A large class of applied problems arising in health to military to environmental monitoring can be formulated as: tracking massive amount of data collected from a large number of sensors, which can be summarized as high dimensional change-point detection problems. Approaching this kind of problems in a brute-force classical manner is known to be extremely challenging. I've developed a spectral graph analysis approach for the purpose, which significantly reduces the memory footprint and speeds up the computation.


Presentations and Talks

  1. Graph-Based Compressive High-Dimensional Testing. --JSM Conference Presentation, 2020.

  2. Graph-Based Modern Nonparametrics For High-Dimensional Data. --Temple University, Dissertation Topic, 2018.
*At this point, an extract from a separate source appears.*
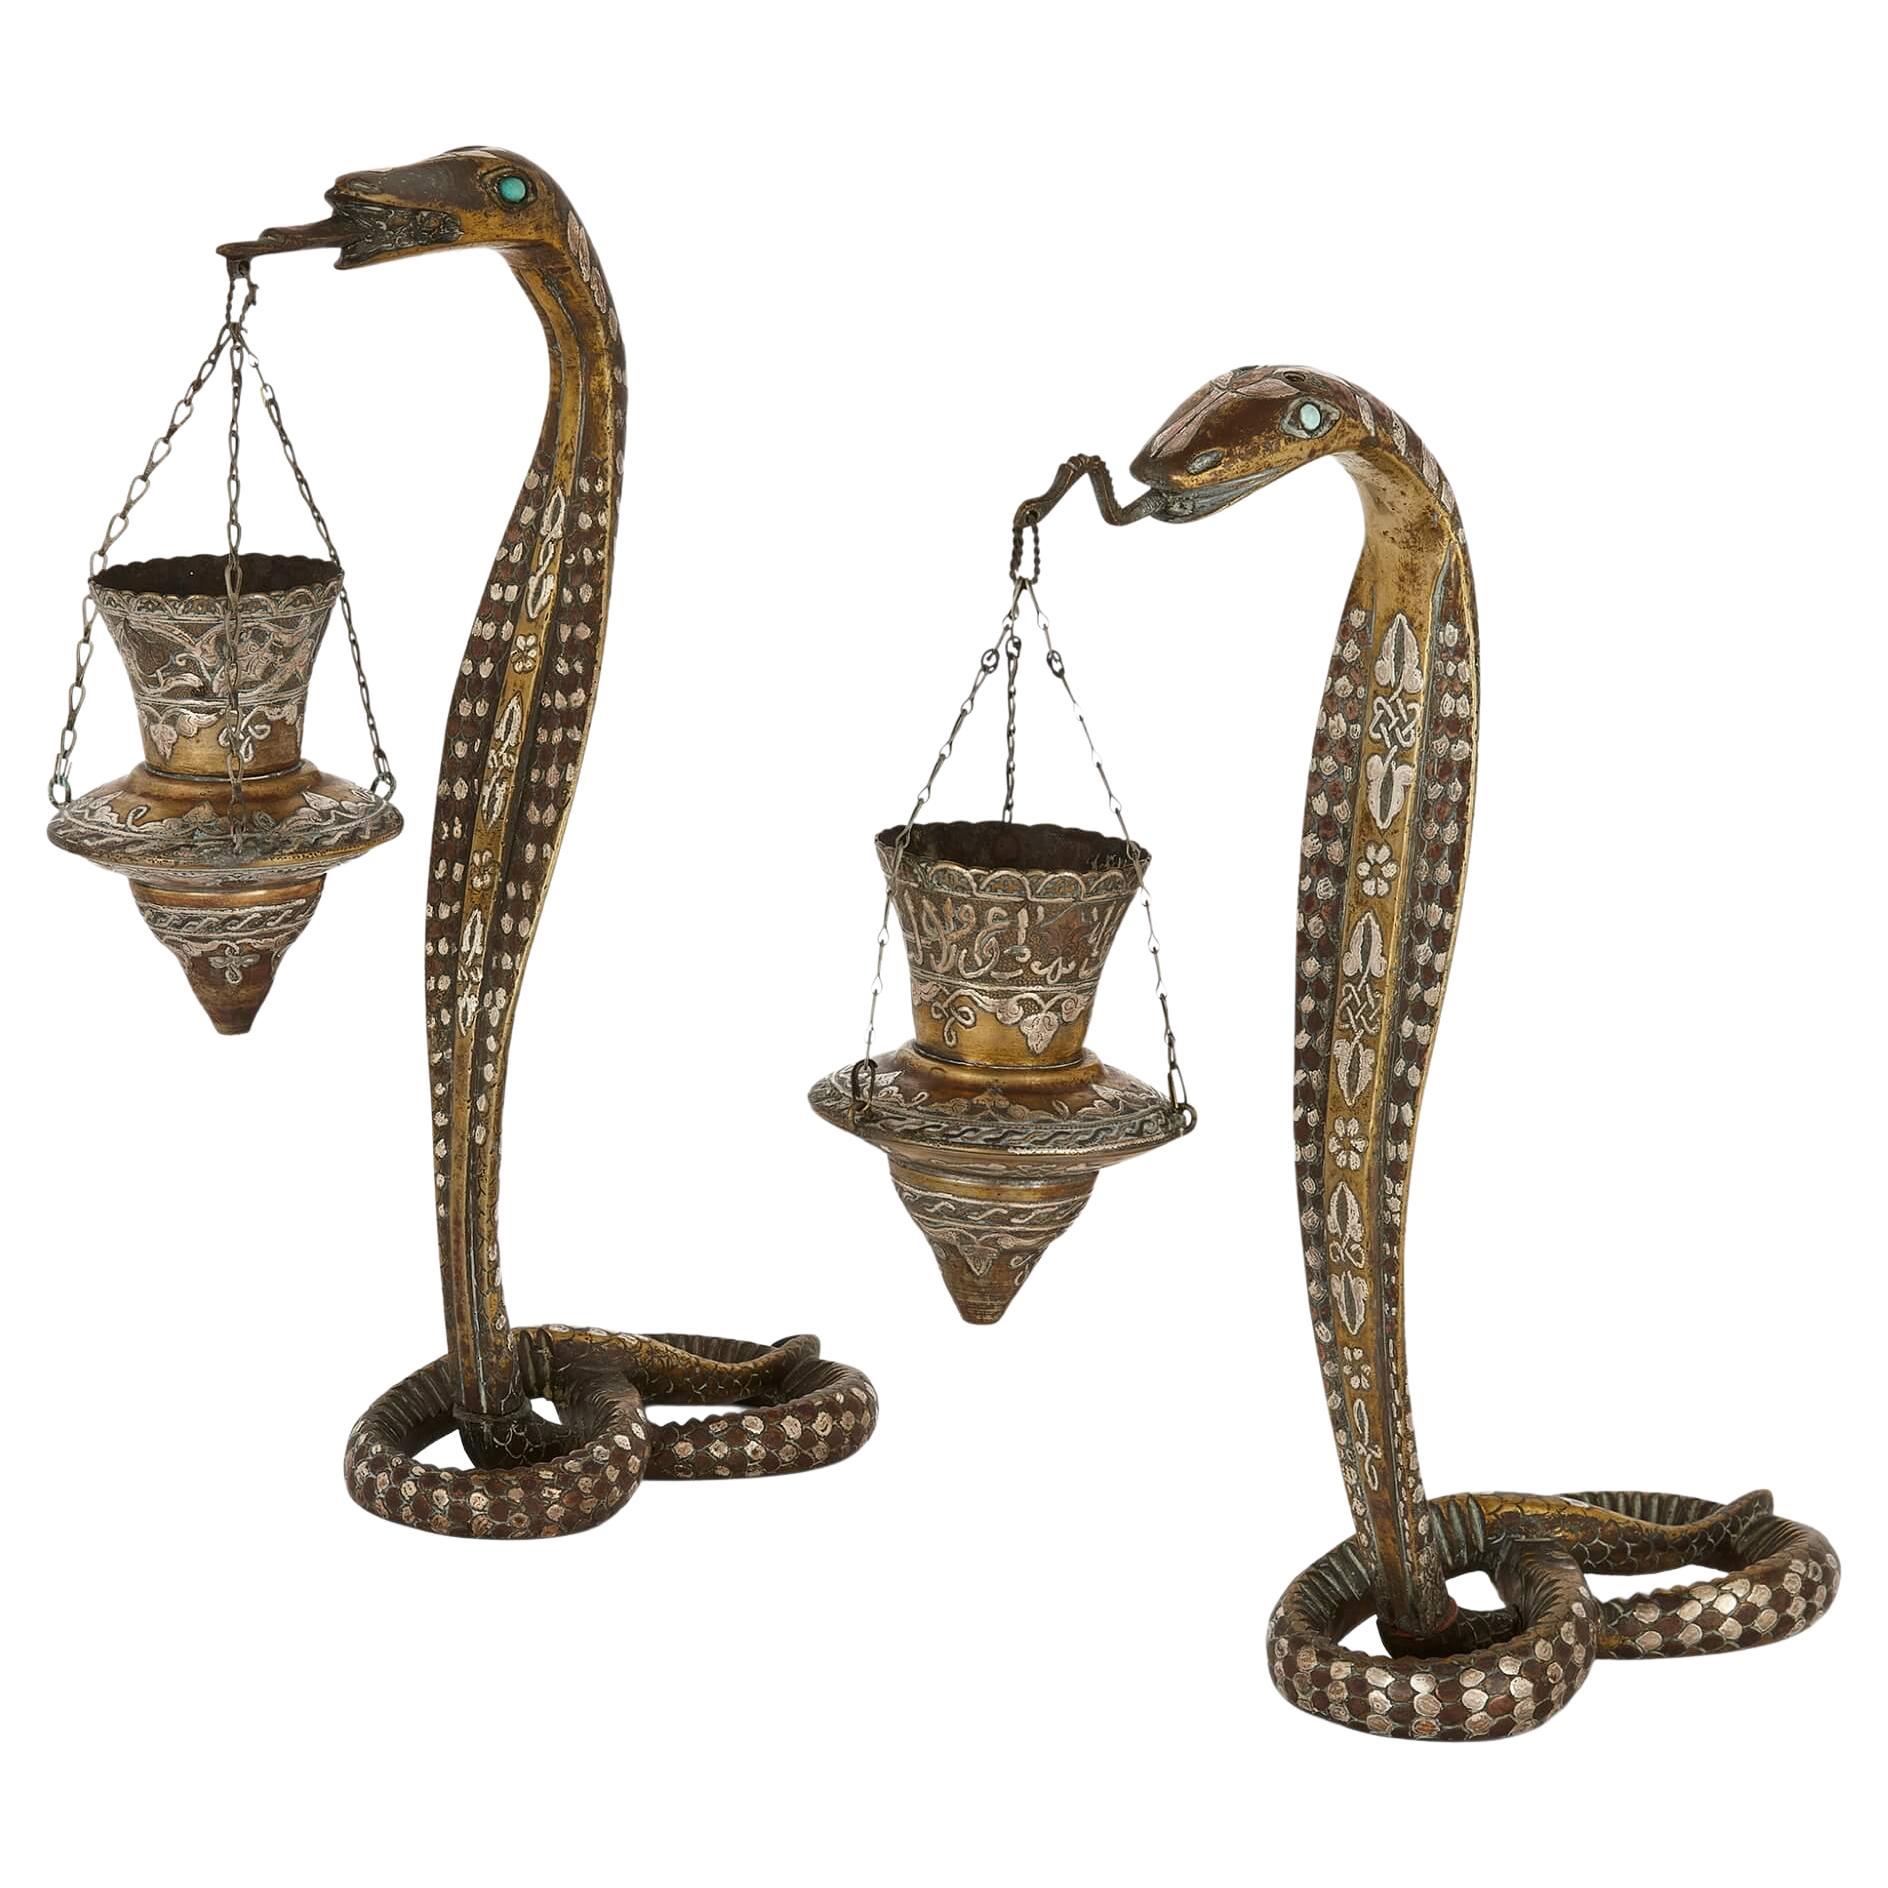 Pair of Silver-Inlaid Brass Art Deco Serpent Candle Holders

  3. Nonparametric High dimensional K-sample Comparison. --Institute of Software, Chinese Academy of Sciences, Invited Talk, 2018.

Teaching Experience

STAT 1001, Quantitative Methods for Business I

Temple University, Fall 2017 and Spring 2018, 2019


STAT 1001, Quantitative Methods for Business I

Temple University, Fall 2016


R Packages:

 LPMachineLearning

Statistical modeling tools for converting a black-box ML algorithm into an interpretable conditional distribution prediction machine, which provides a wide range of facilities, including goodness-of-fit, various types of exploratory graphical diagnostics, generalized feature selection, predictive inference methods, and others.


 LPKsample

A graph-based nonparametric algorithm for High-dimensional k-sample problem that includes (i) confirmatory test; (ii) exploratory results and (iii) options to output a data-driven LP-transformed matrix for classification.


 LPGraph

Fast and compressive nonparametric spectral algorithm for ordered graphs with application to the high-dimensional change point analysis.


 LPRelevance

A framework of methods to perform customized inference at individual level by taking contextual covariates into account. Three main functions are provided in this package: (i) LASER(): it generates specially-designed artificial relevant samples for a given case; (ii) g2l.proc(): computes customized conditional fdr; and (iii) rEB.proc(): performs empirical Bayes inference based on LASERs.